The irqentry_nmi_enter() would force the current context to get
in_interrupt=true, although ebreak happens in the context which is
in_interrupt=false.
A lot of checking codes, such as:
if (in_interrupt())
panic("Fatal exception in interrupt");
It would make the kernel panic, but we don't panic; we want back to the shell.
eg:
echo BUG > /sys/kernel/debug/provoke-crash/DIRECT

>
> > about:
> >
> > diff --git a/arch/riscv/kernel/traps.c b/arch/riscv/kernel/traps.c
> > index f910dfccbf5d..69f7043a98b9 100644
> > --- a/arch/riscv/kernel/traps.c
> > +++ b/arch/riscv/kernel/traps.c
> > @@ -18,6 +18,7 @@
> > #include <linux/irq.h>
> > #include <linux/kexec.h>
> > #include <linux/entry-common.h>
> > +#include <linux/context_tracking.h>
> >
> > #include <asm/asm-prototypes.h>
> > #include <asm/bug.h>
> > @@ -285,12 +286,18 @@ asmlinkage __visible __trap_section void
> > do_trap_break(struct pt_regs *regs)
> > handle_break(regs);
> >
> > irqentry_exit_to_user_mode(regs);
> > - } else {
> > + } else if (in_interrupt()){
> > irqentry_state_t state = irqentry_nmi_enter(regs);
> >
> > handle_break(regs);
> >
> > irqentry_nmi_exit(regs, state);
> > + } else {
> > + enum ctx_state prev_state = exception_enter();
> > +
> > + handle_break(regs);
> > +
> > + exception_exit(prev_state);
> > }
> > }
>
> That's wrong.

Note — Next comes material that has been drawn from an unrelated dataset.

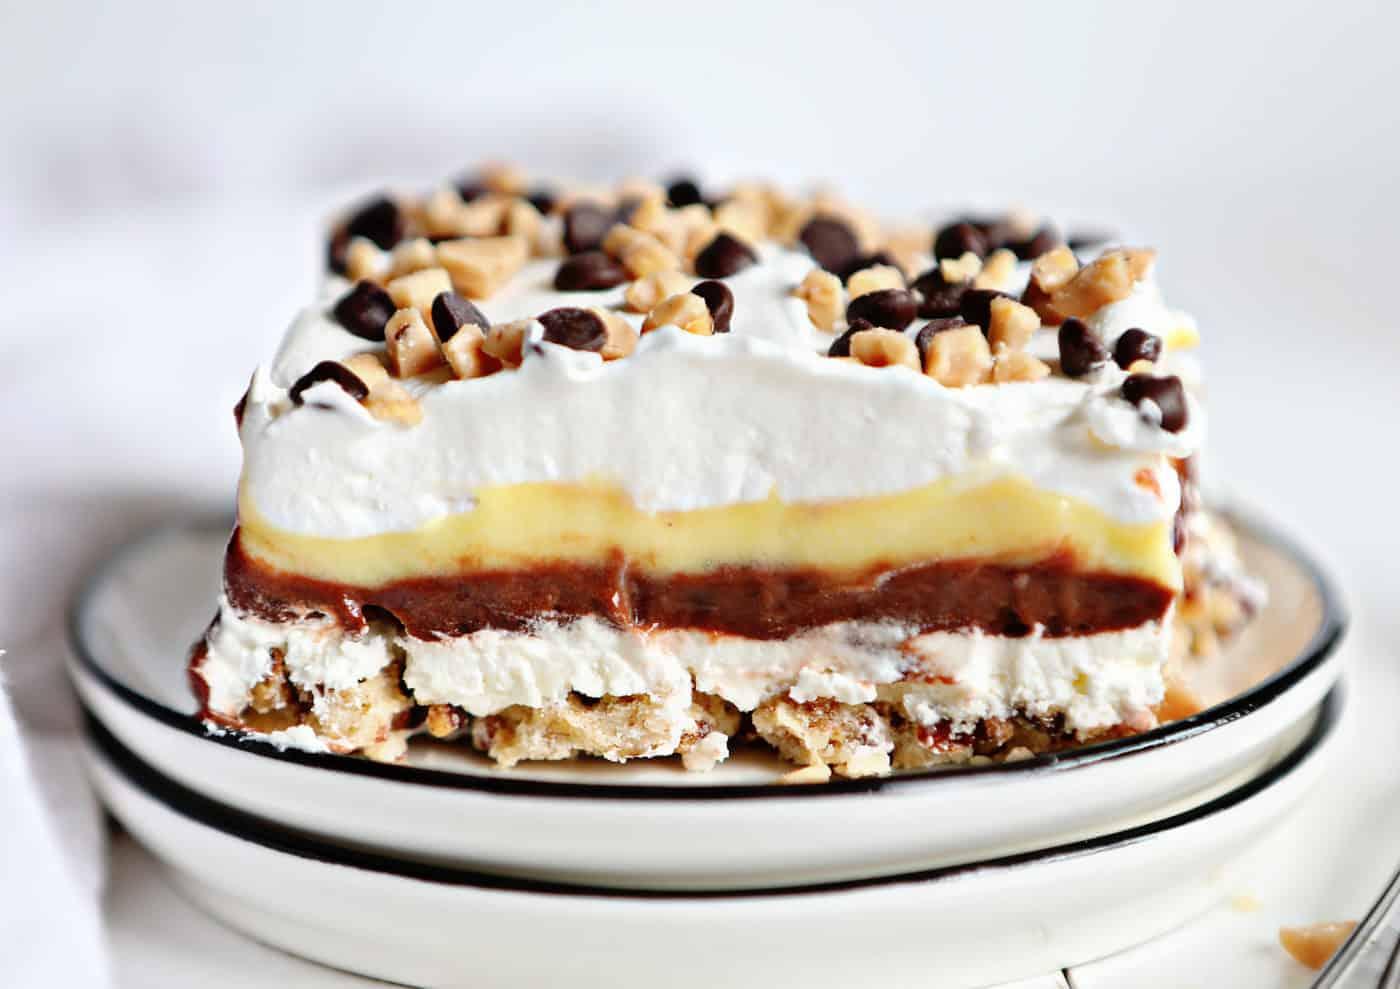 Piggy Pie Dessert
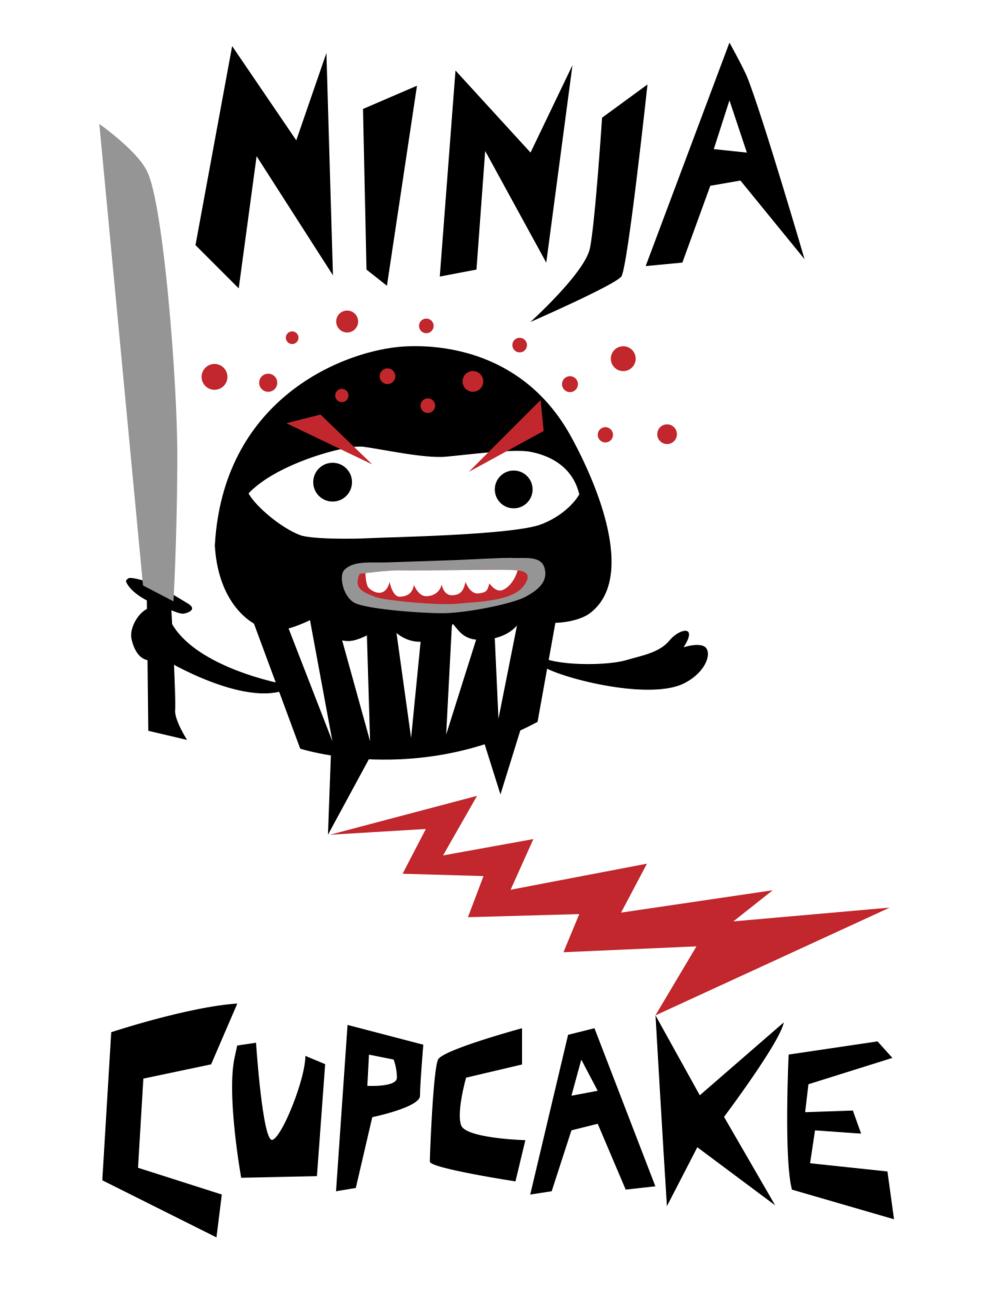 ninja_cupcake_type_andi_bird.png

If you want to make it conditional, you have to look at
> !(regs->status & SR_IE) (that's the interrupt enable flag of the
> interrupted context, right?)
>
> When you hit an EBREAK when IRQs were disabled, you must be NMI like.
>
> But making it conditional like this makes it really hard to write a
> handler though, it basically must assume it will be NMI contetx (because
> it can't know) so there is no point in sometimes not doing NMI context.






--
Best Regards
Guo Ren